Figure 2. The regression function and its estimates from different methods.

We note that the surface of the true regression function has a discontinuity line. Figure 3 provides a comparison among the three estimates. The two figures in the top row are the plots of errors from ARTR estimates and TPS estimates respectively. A difference between the two estimates along the discontinuity line is visible. The left plot in the second row of Figure 3 shows an even more significant difference. This figure displays a difference in sensitivity to discontinuities between the two methods.
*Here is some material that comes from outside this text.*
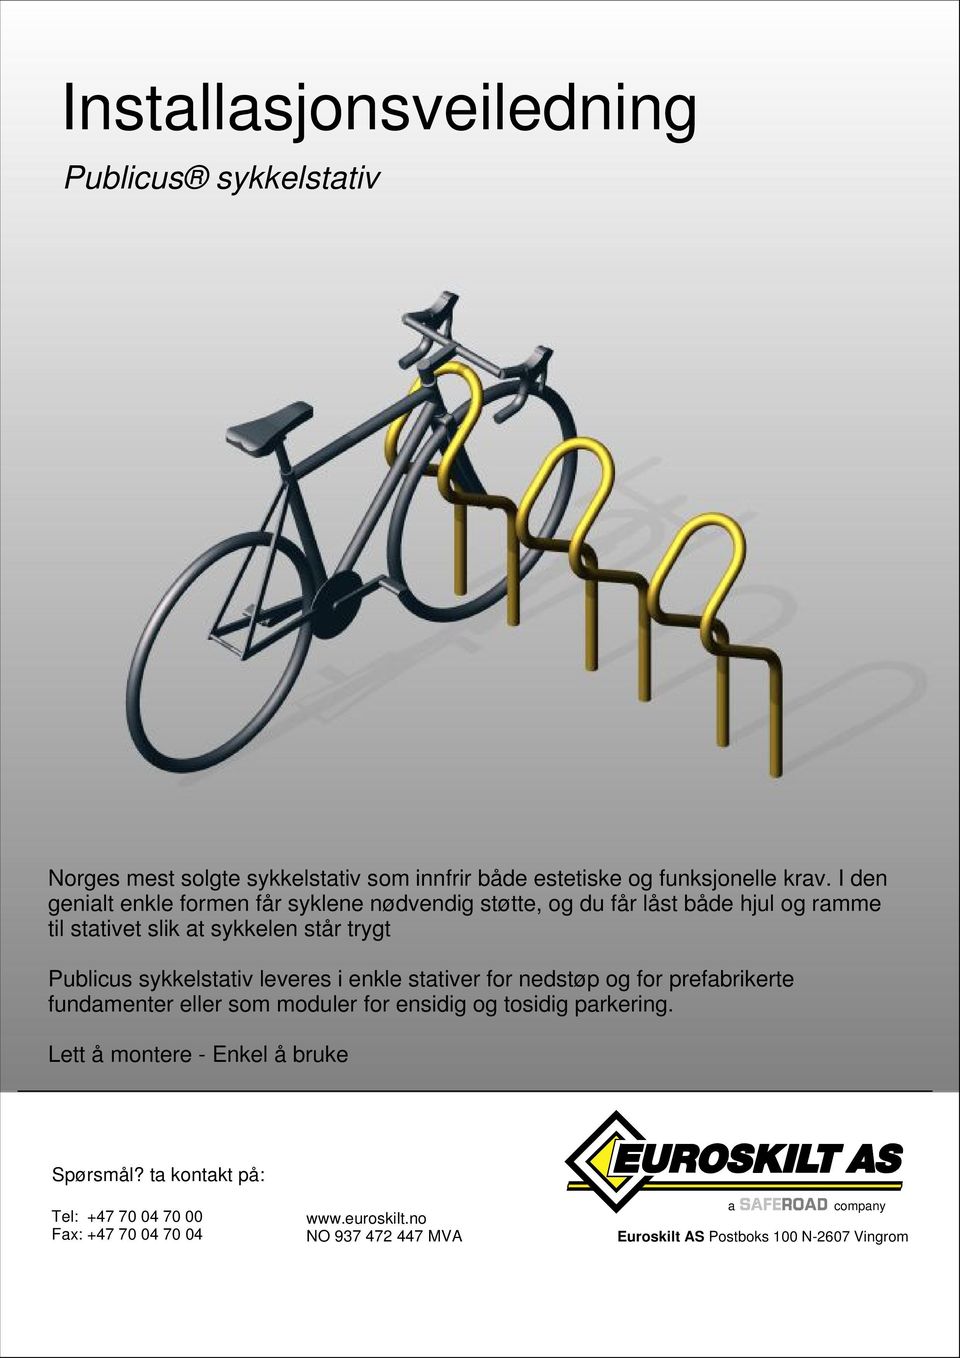 sykkelstativ leveres i enkle stativer for nedstøp og for prefabrikerte fundamenter eller som moduler for ensidig og tosidig parkering.

Note that, while such a property is what one would expect from a wavelet-type method, estimates from ARTR are smoother than those from a Haar-type wavelet. In contrast, the difference between the TPS estimates and the RFR estimates, while visible, is more noisy and less definite. Overall, ARTR performs best in this example. The “ARTR vs TPS” figure in Figure 3 suggests that one might even consider using such a figure, obtained completely from data, as a mean for detecting discontinuity of a noisy surface.

FIGURE 3

Figure 3. Differences among the estimates.

The mean squared approximation errors of the three methods from the same simulation computation are listed in Table 3. We see that in terms of approximation errors, ARTR is similar to (or slightly better than) TPS, and RFR is worse among the three.

TABLE 3

Table 3. The mean squared approximation errors in example 3.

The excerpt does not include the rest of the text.